Supplied material below:

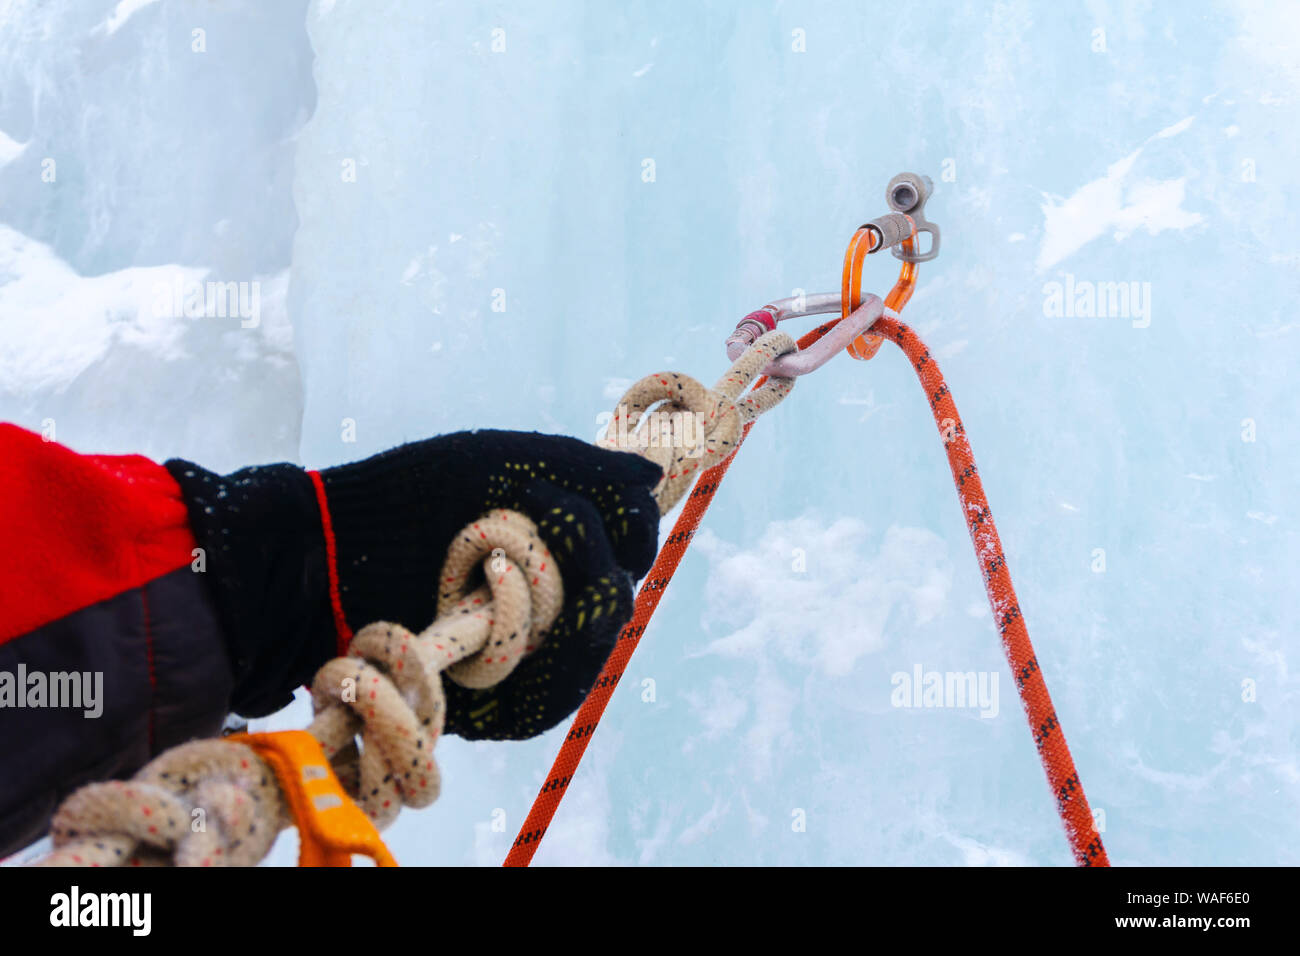 Cascade de glace d'ancrage avec broche à glace, corde de sécurité, mousquetons et bras du grimpeur, gros plan Banque D'Images
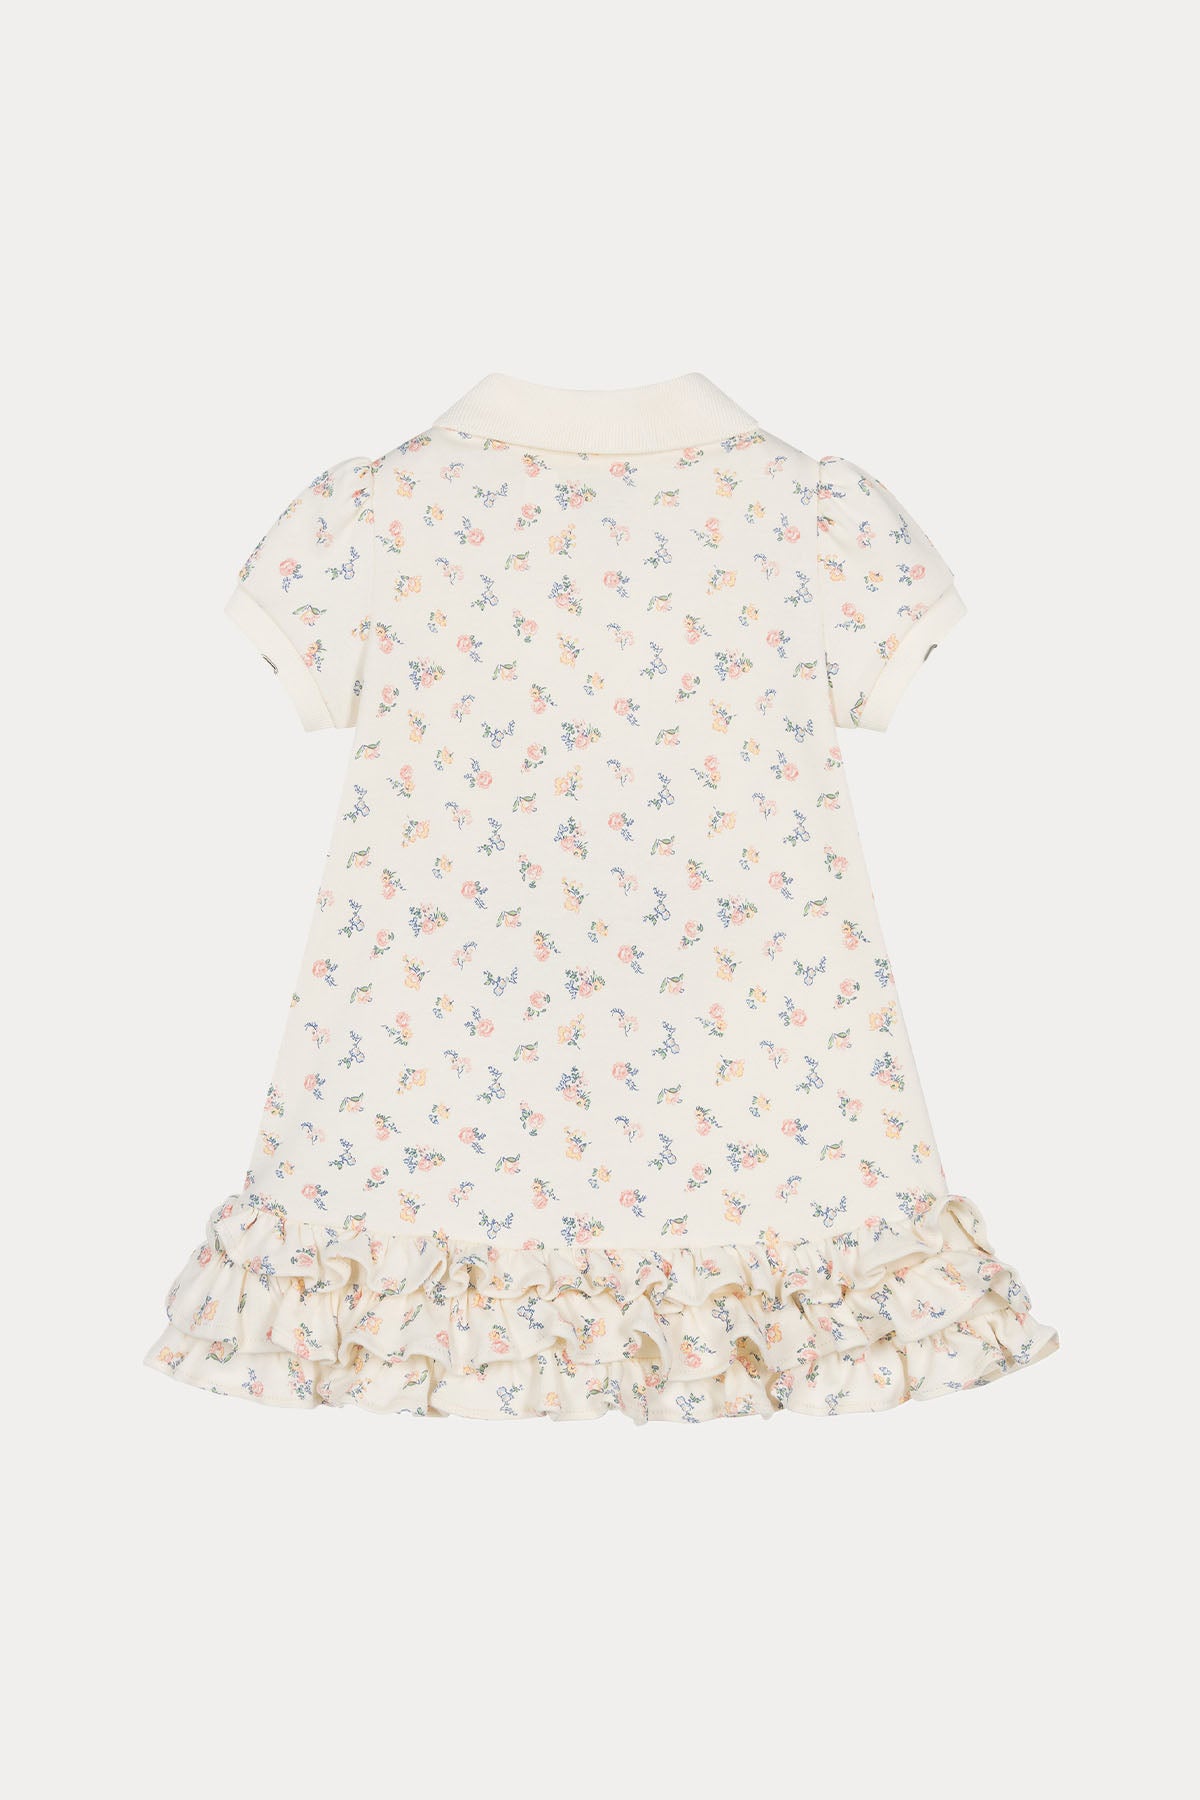 Polo Ralph Lauren Kids 12-18 Aylık Kız Bebek Çiçek Desenli Elbise
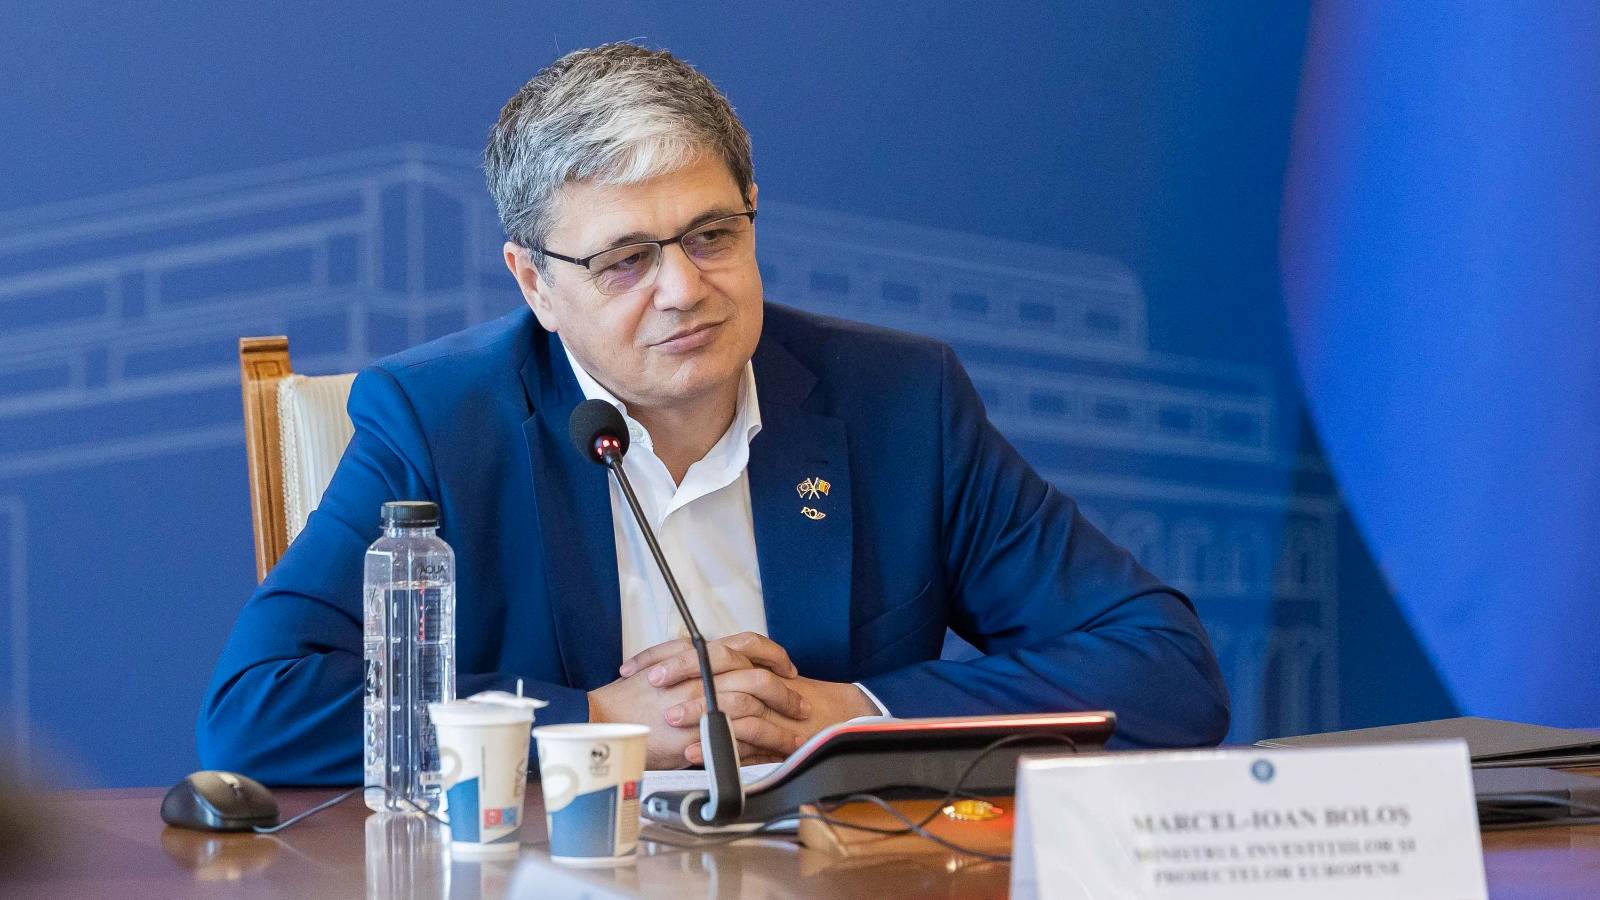 Marcel Bolos annoncerer VIGTIGE investeringer Rumænien Millioner af rumænere
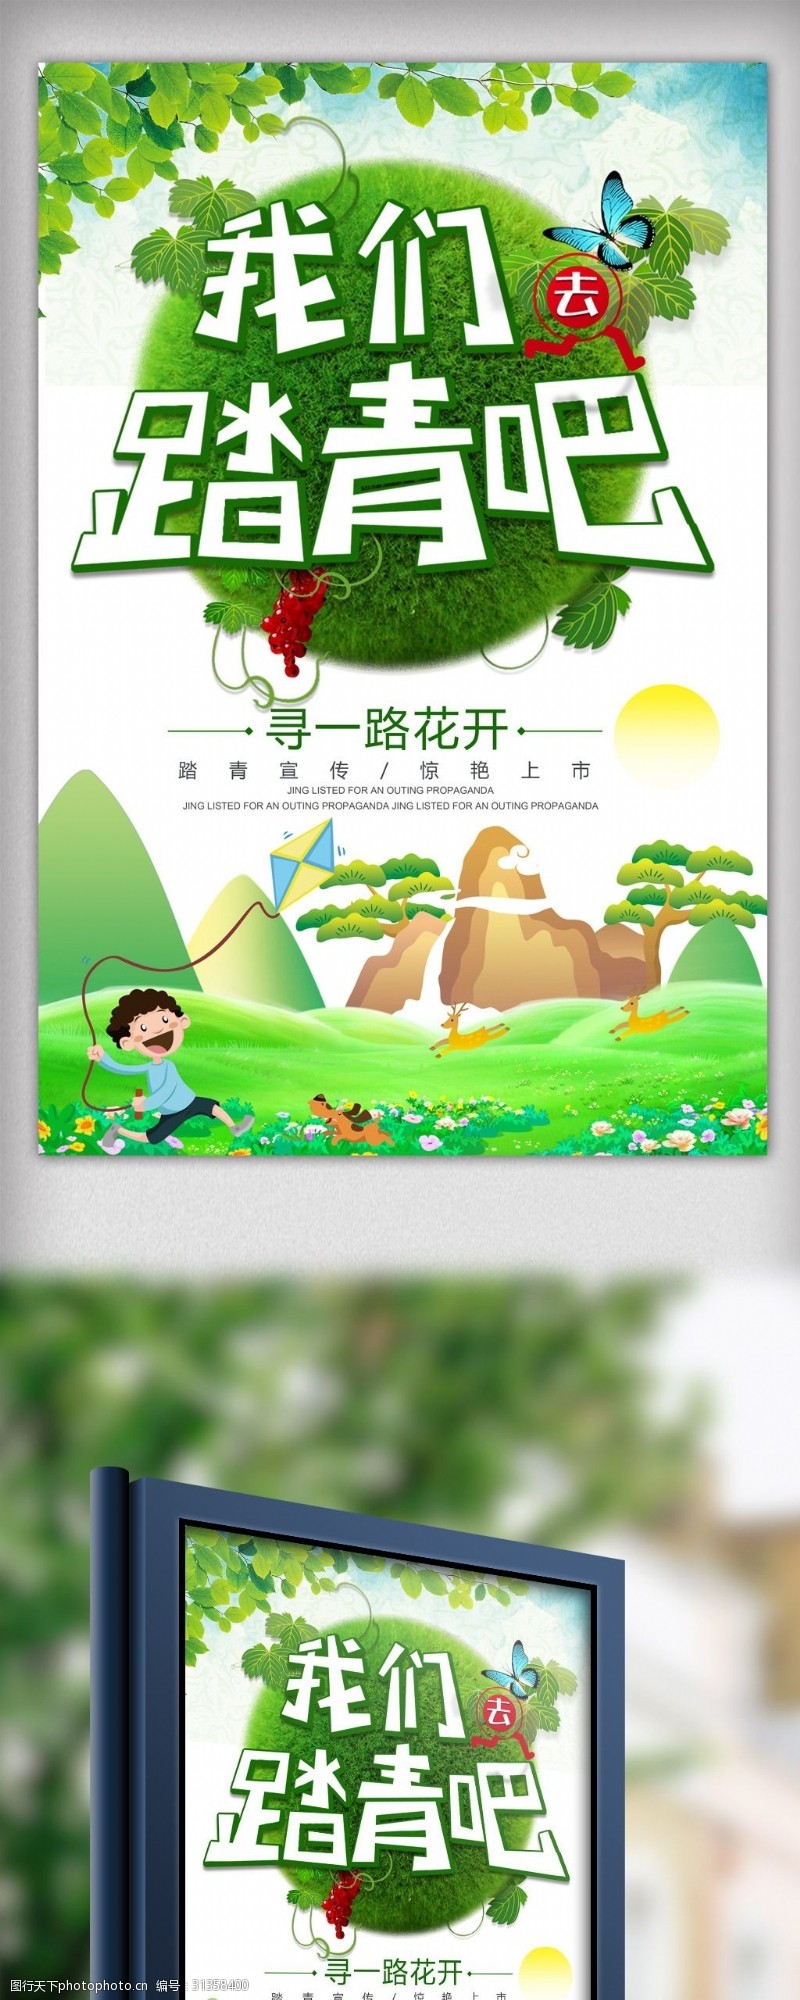 春节旅游春天一起去踏青旅游海报设计

End of Supplied material.

All of the data above is to be repeated exactly, with the pictures left out.

[Response area]:
 Cascade de glace d'ancrage avec broche à glace, corde de sécurité, mousquetons et bras du grimpeur, gros plan Banque D'Images
 Polo Ralph Lauren Kids 12-18 Aylık Kız Bebek Çiçek Desenli Elbise
 Marcel Bolos annoncerer VIGTIGE investeringer Rumænien Millioner af rumænere
 春节旅游春天一起去踏青旅游海报设计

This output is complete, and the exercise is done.